FIND THE RIGHT VARIETY
The
other half of growing tomatoes is to choose a variety that appeals. Tomatoes are
the kind of coddled plant that prompts experimentation. One year heirlooms are
popular. The next may be cherry and pear tomatoes.
Carol
O’Meara, horticultural assistant at the Colorado State University Cooperative
Extension is a vegetable enthusiast. Her choice is the heirloom Brandywine.

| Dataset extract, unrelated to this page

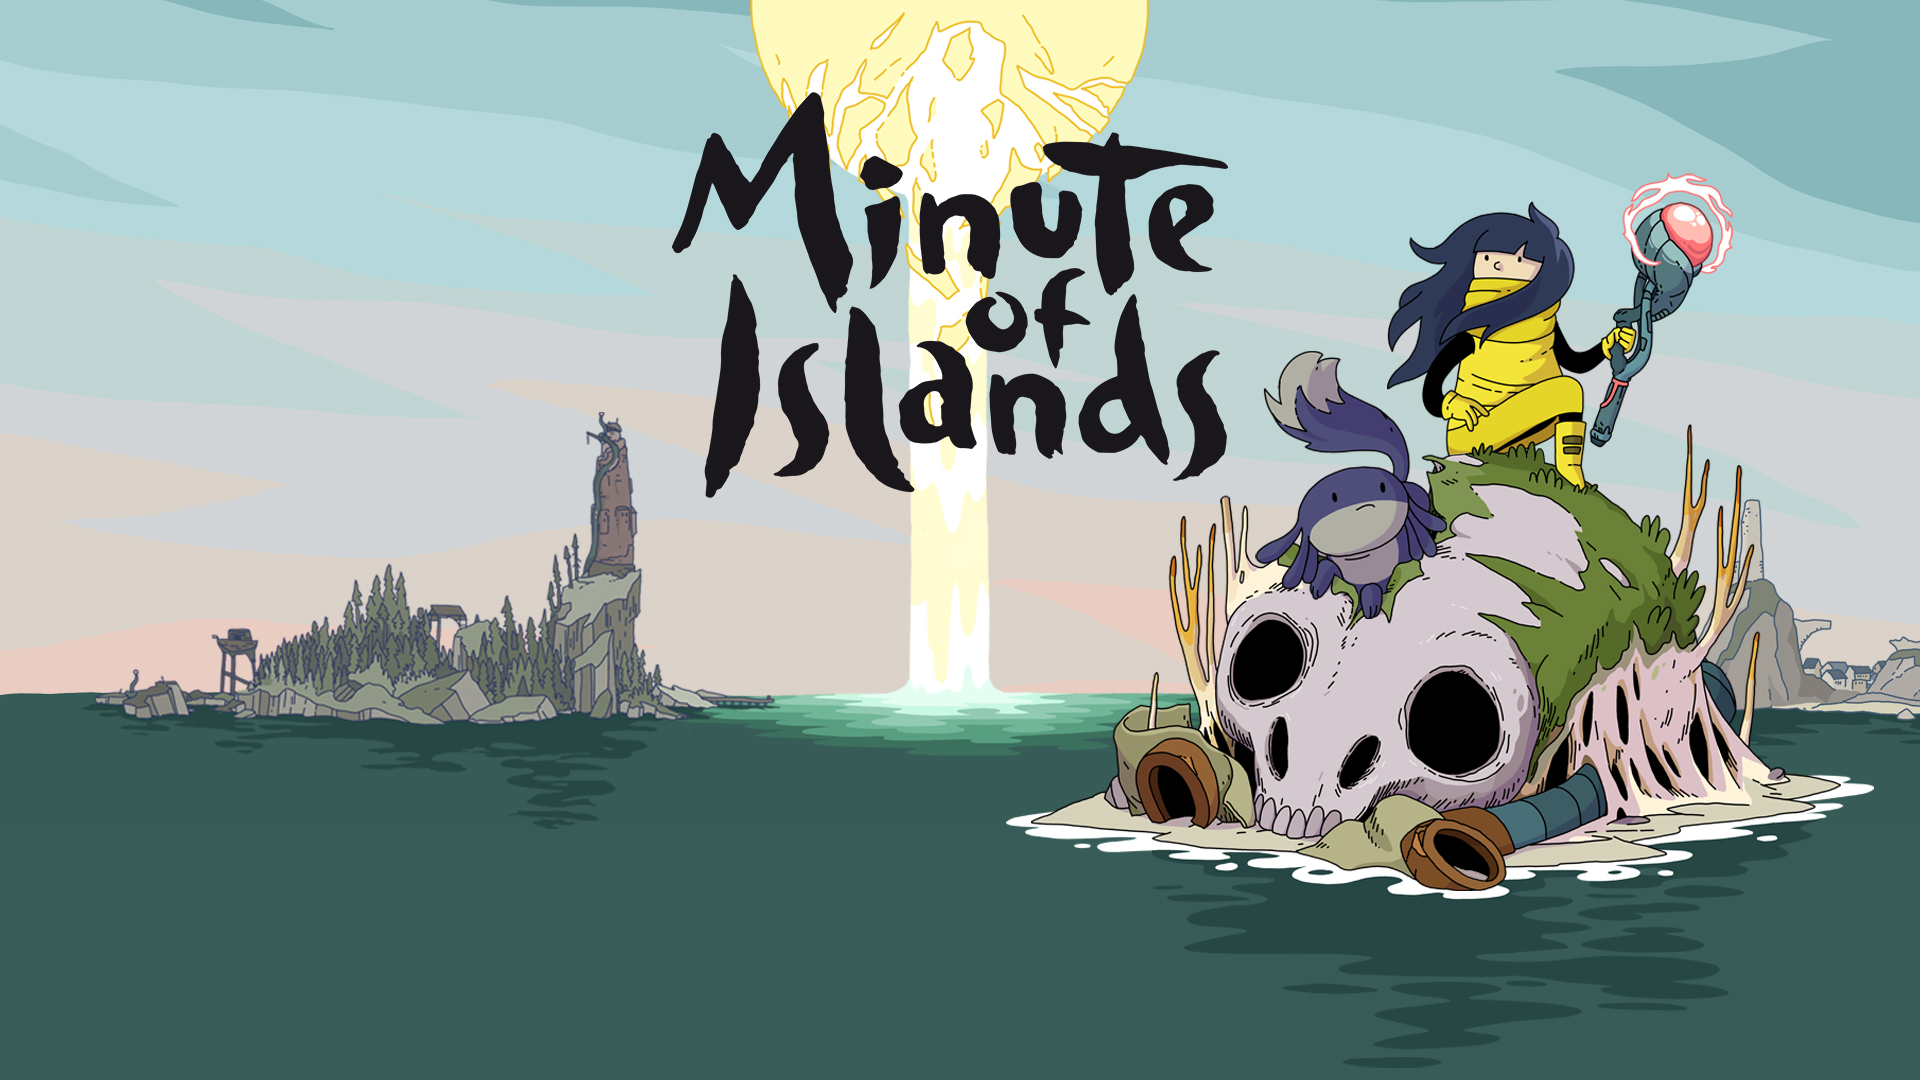 minute of islands steam
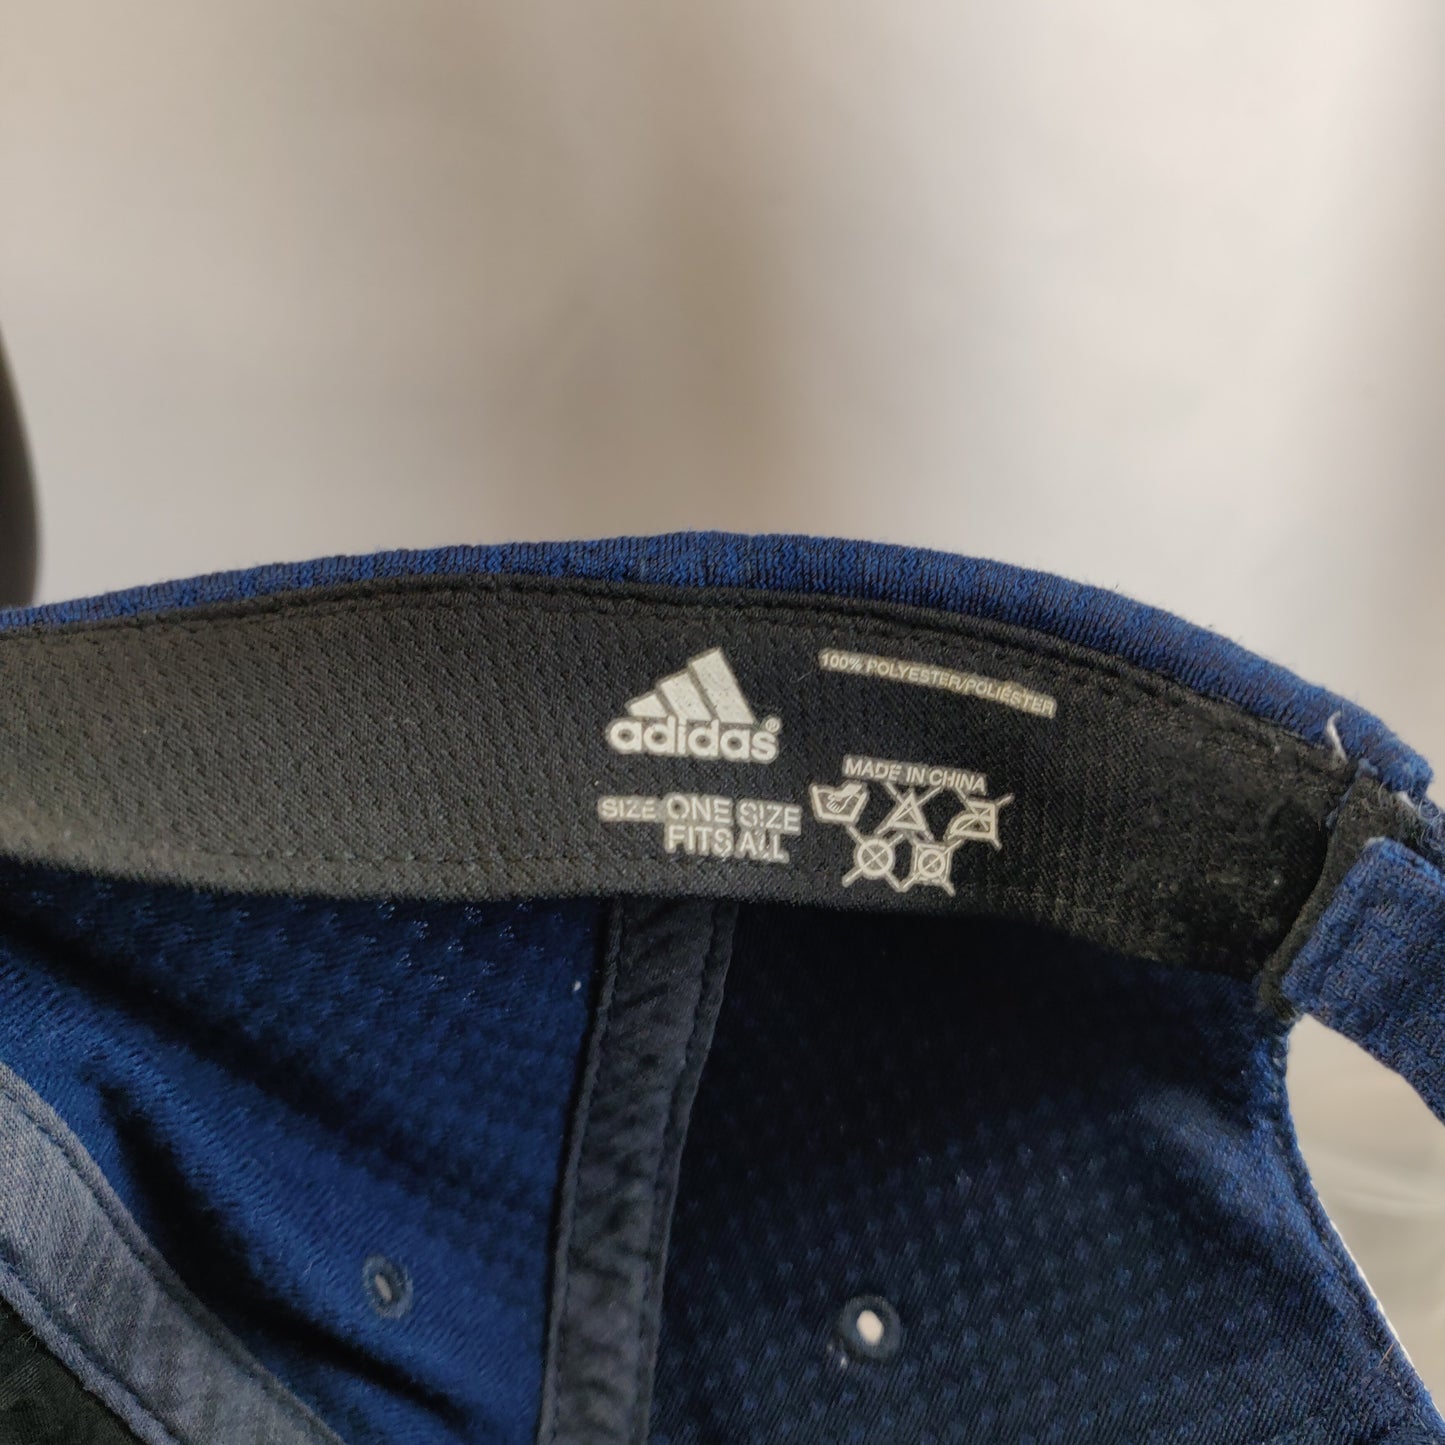 Adidas ClimaCool 3 Stripes Blue Golf Baseball Cap Hat Men Unisex One Size

“In blind tasting tests, it always wins. People are nostalgic for that
old-fashioned tomato flavor,” she says.
But
even an expert gardener like Carol faces obstacles. Tomatoes won’t set
fruit with temperatures over 90 degrees. Since it takes at least 80 days for a
Brandywine harvest, she plans to grow her Brandywines in a tunnel of pipes
similar to an arbor, and drape a shade barrier cloth over the tomato plants when
temperatures rise. It’s an experiment, she explains, hoping to cool the plants
just enough for optimum conditions. “We’re a short season, so start
early,” she says.
Here’s
a list offered by fanatical Front Range tomato gardeners. For heirloom tomatoes,
‘Brandywine’, is the favorite. That’s followed by ‘Black Krim’,
‘Green Zebra’, ‘Big Rainbow,’ 'Red Siberian' and ‘Aunt Ruby’s German Green’
Hybrid
(that means the offspring are the seeds of two different plants, the seeds will
not reproduce true) favorite cultivars are: ‘Celebrity’, ‘Early Girl’,
‘Better Boy’, ‘Northern Exposure’, ‘Fourth of July’ and 'French Rose'.
Favorites
among small tomatoes are ‘Sweet 100’ and ‘Sungold’.